WHAT TO DO. From the material below, copy exactly the lines beginning with the one that contains "Solid iron and" and ending with the one that contains "The row of modern"; the pictures stay out.
** RECORDED DATA follows **
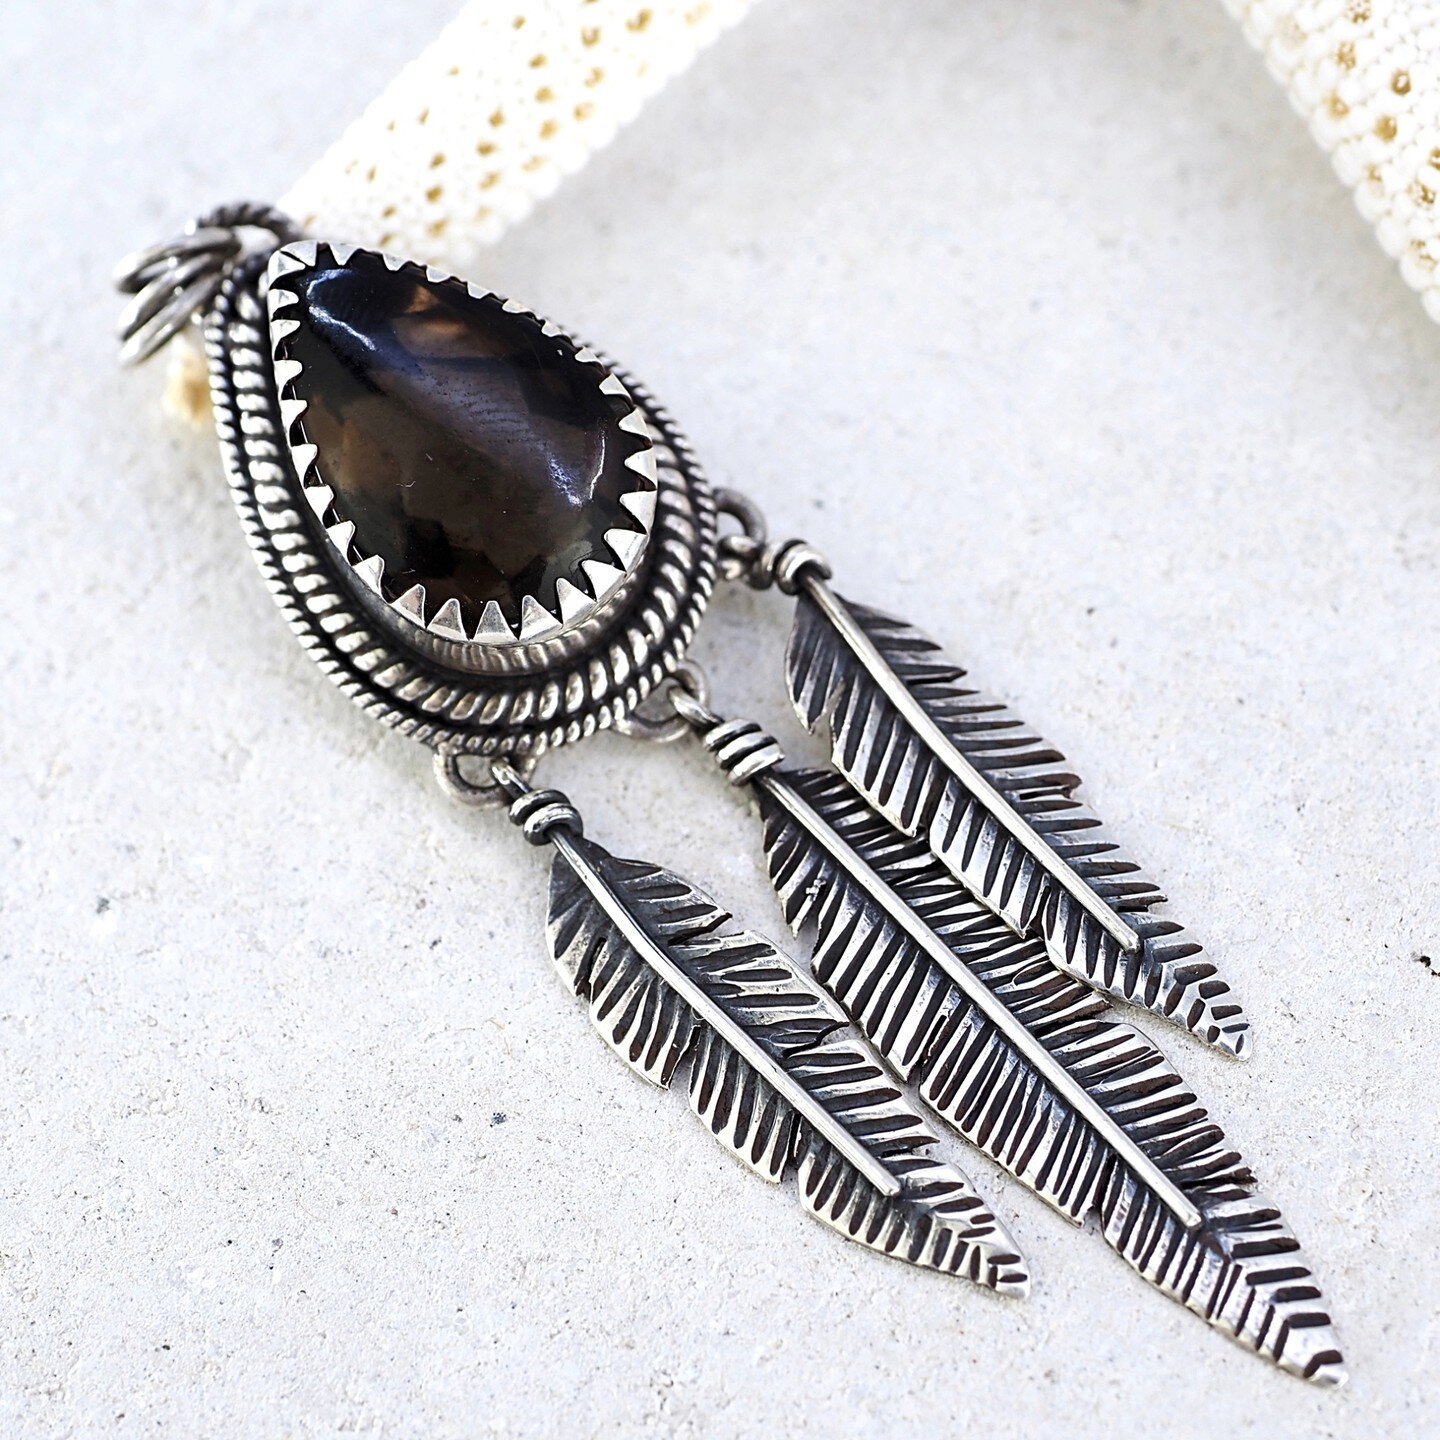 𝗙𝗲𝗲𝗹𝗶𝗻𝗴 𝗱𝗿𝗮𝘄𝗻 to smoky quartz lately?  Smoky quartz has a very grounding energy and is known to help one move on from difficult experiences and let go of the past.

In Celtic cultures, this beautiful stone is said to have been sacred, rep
** End of RECORDED DATA **
** RECORDED DATA follows **
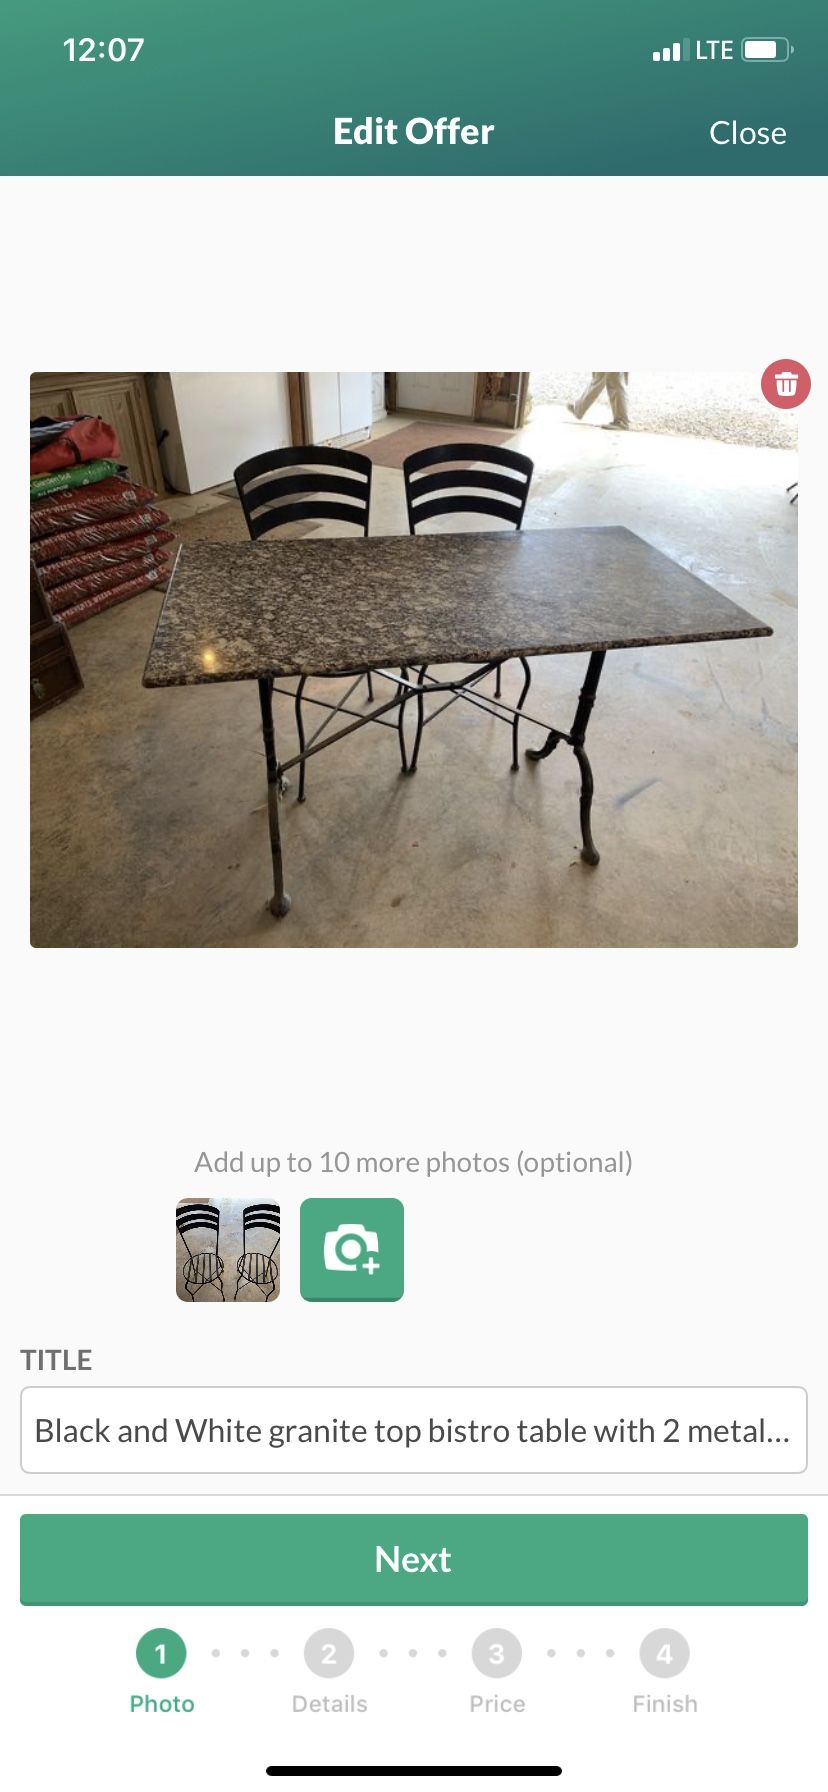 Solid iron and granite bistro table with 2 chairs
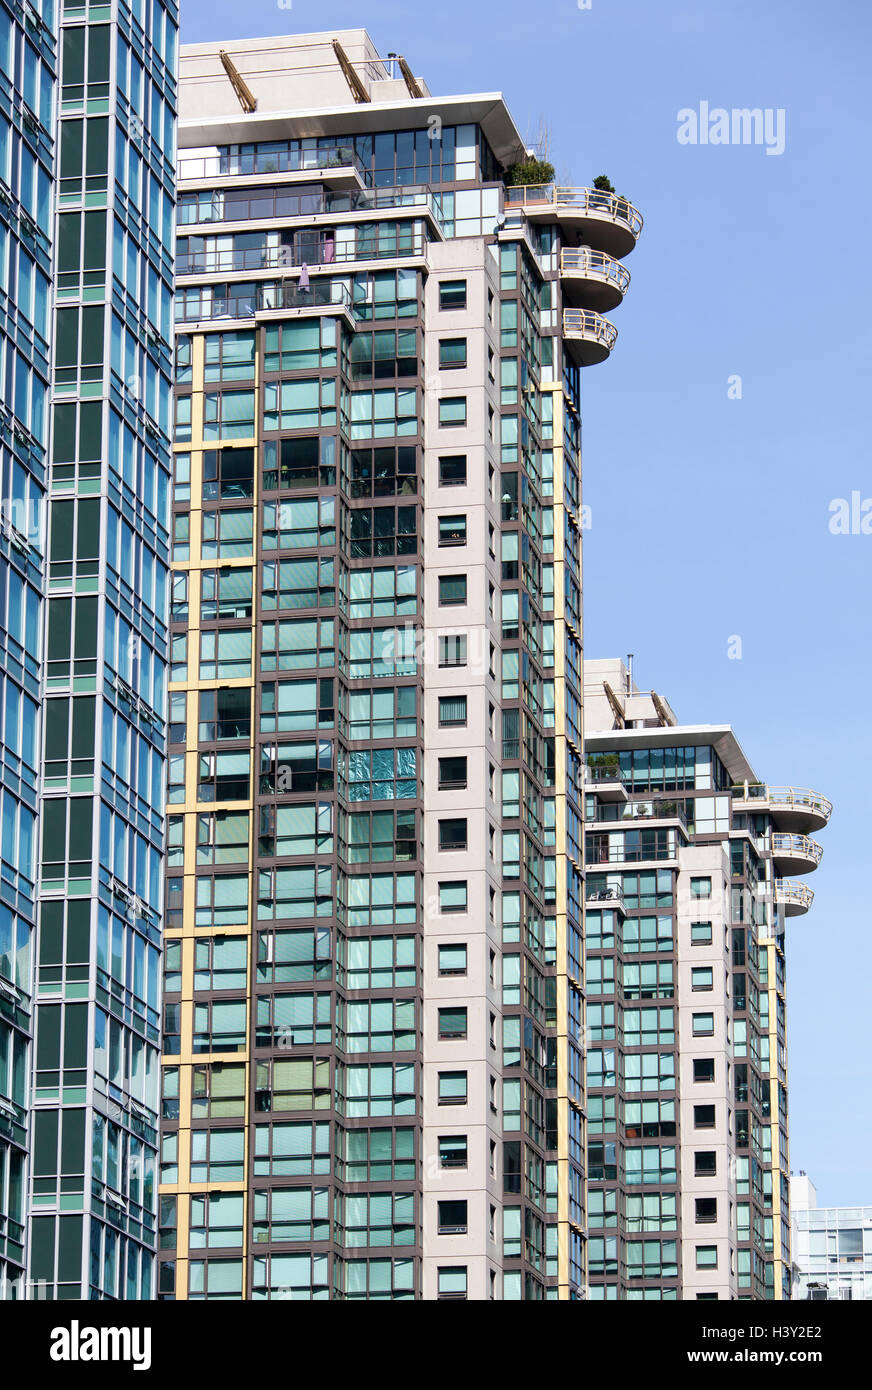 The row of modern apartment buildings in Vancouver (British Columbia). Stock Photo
** End of RECORDED DATA **
RESPONSE BELOW.
 Solid iron and granite bistro table with 2 chairs
 The row of modern apartment buildings in Vancouver (British Columbia). Stock Photo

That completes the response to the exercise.